Section .sec1, range 0x10000000 -- 0x10009fd8: matched.
Section .sec2, range 0x1000a000 -- 0x10010000: matched.
Section .sec3, range 0x10010000 -- 0x10020000: matched.
Section .sec4, range 0x10020000 -- 0x10020308: matched.
[max32xxx.cpu] clearing lockup after double fault
[max32xxx.cpu] halted due to debug-request, current mode: Handler HardFault
xPSR: 0x80000003 pc: 0xe7fee7fe msp: 0x20003fd0
Polling target max32xxx.cpu failed, trying to reexamine
[max32xxx.cpu] Cortex-M4 r0p1 processor detected
[max32xxx.cpu] target has 6 breakpoints, 4 watchpoints
none
[Inferior 1 (Remote target) detached]

It seems the issue is caused by the Makefiles. They use an older method for linking the combined ARM+RISC-V binary that relies on some sed calls and hard-coded address values. I haven't found exactly where yet, but this method is causing the hard-fault.
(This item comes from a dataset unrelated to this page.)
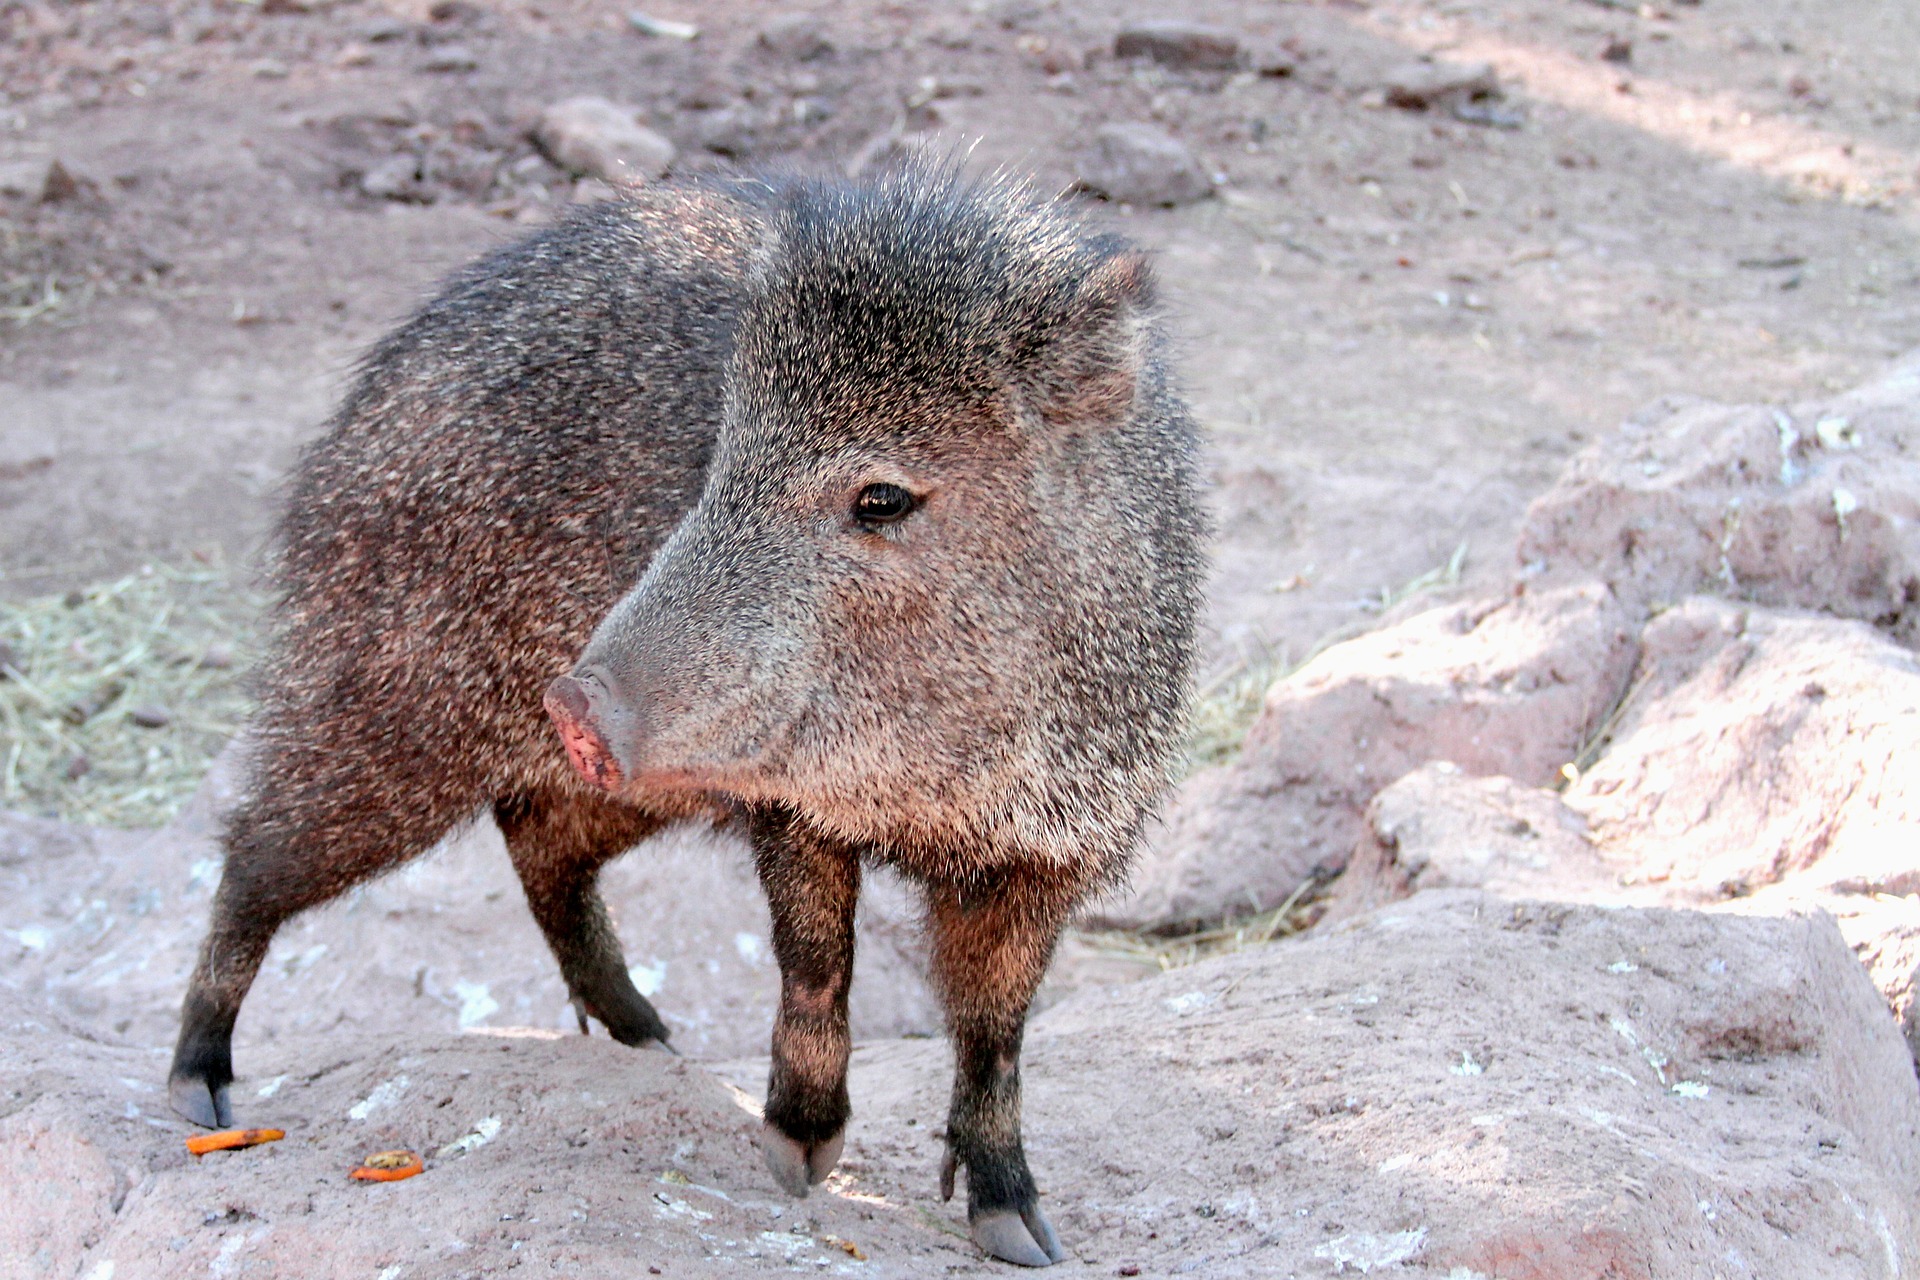 See javelina and more while Scottsdale wildlife watching

I can resolve the issue by using the latest Makefiles and the latest RISC-V loader I developed (see RV_ARM_Loader). This new loader dynamically offsets the RISC-V code based on the size of the ARM code. Attached is the updated project. Note the "mnist-riscv-ex" project inside the top-level "RV_ARM_Loader" project, and the contents of project.mk:

# Enable the RISC-V loader
RISCV_LOAD = 1

# Set the RISCV application to load
RISCV_APP=./mnist-riscv-ex

RV_ARM_Loader_mnist.zip

I've started work on another PR to get the Makefiles updated

eshankn commented 4 days ago

@Jake-Carter thank you for the update and files!

The flash issue was related to the flash task itself failing. However, I am now unable to reproduce it. I now receive the HardFault but only during the flash and run task and not during the flash task.